Appetizing, no? Now that you’ve thrown the bloody head in the river (or your garbage can or wherever you throw turtle heads), it’s time to dress the beast–
Suttree laid the turtle on the rock and the Indian scouted about him until he came up with a goodsized stone.
Watch out, he said.
Suttree stepped back.
The Indian raised the stone and brought it down upon the turtle’s back. The shell collapsed with a pulpy buckling sound.
I never saw a turtle dressed before, said Suttree. But the Indian had knelt and was cutting away the broken plates of shell with his pocketknife and pitching them into the river. He pulled the turtle’s meat up off the plastron and gouged away the scant bowels with his thumb. He skinned out the feet. What hung headless in his grip as he raised it aloft was a wet gray foetal mass, a dim atavism limp and dripping.
Plenty of meat there, said the Indian. He laid it out on the rock and bent and swished the blade of his knife in the river.
Okay.
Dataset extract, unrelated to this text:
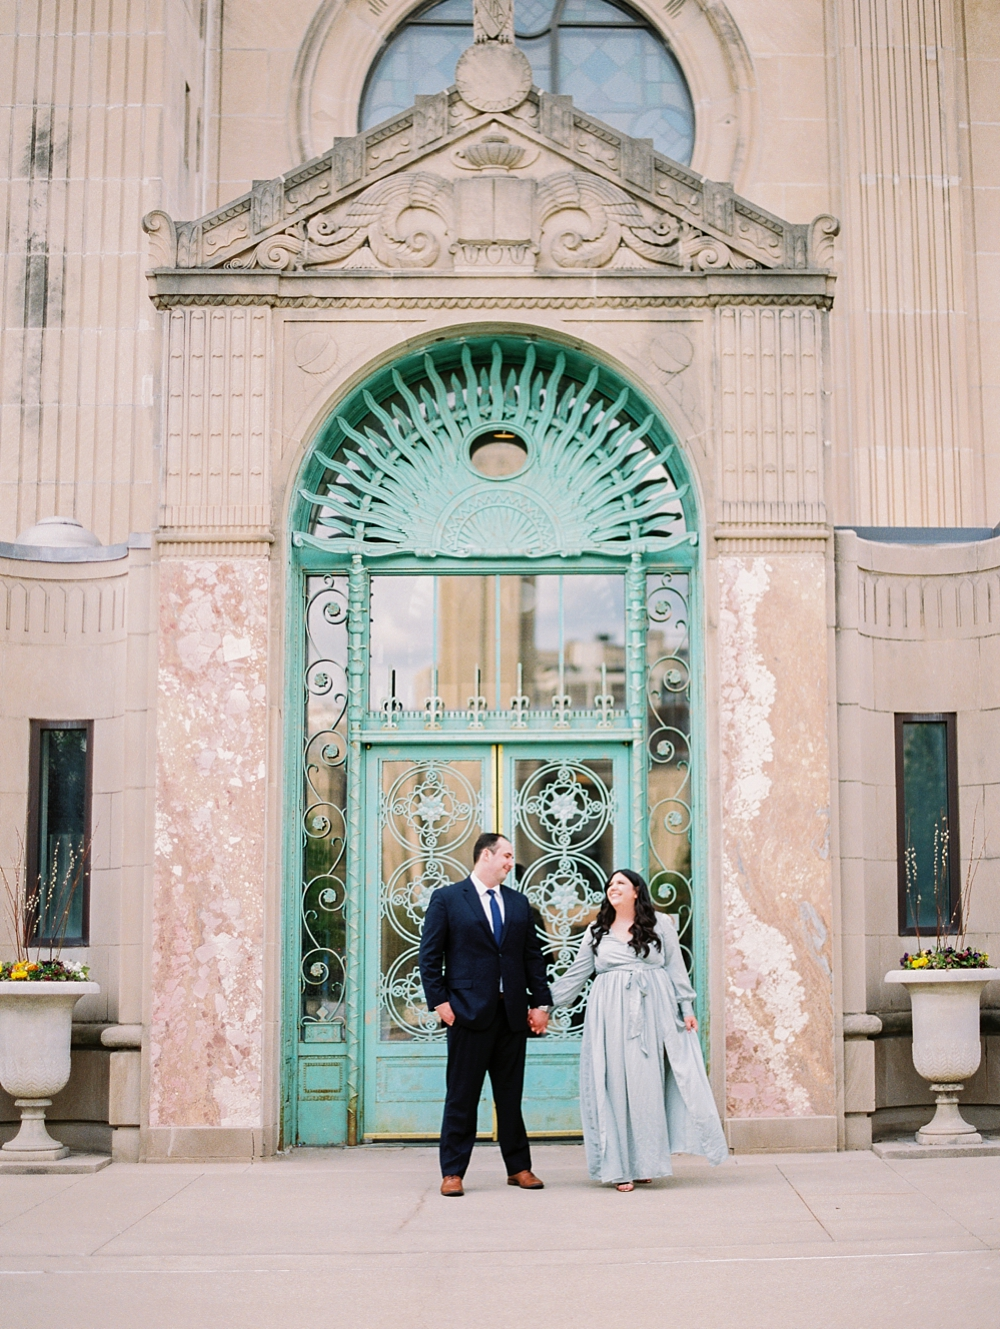 kristin-la-voie-photography-chicago-wedding-photographer-loyola-engagement-25

Now that you’ve removed the shell and gouged away the scant bowels with your thumbs, it’s time to prepare the wet gray foetal mass.
Put him in a pot and cook him slow. Lots of vegetables. Lots of onions. I got my own things I put in.
Got it? Lots of onions. Slow cook that dim, limp, dripping atavism. The fact that the Indian has his “own things” that he puts in implies a call to the reader to experiment with the recipe. And how did Suttree like his turtle?
He spooned up a piece of the meat and cradled it in his mouth to cool it. He chewed it. It was succulent and rich, a flavor like no other.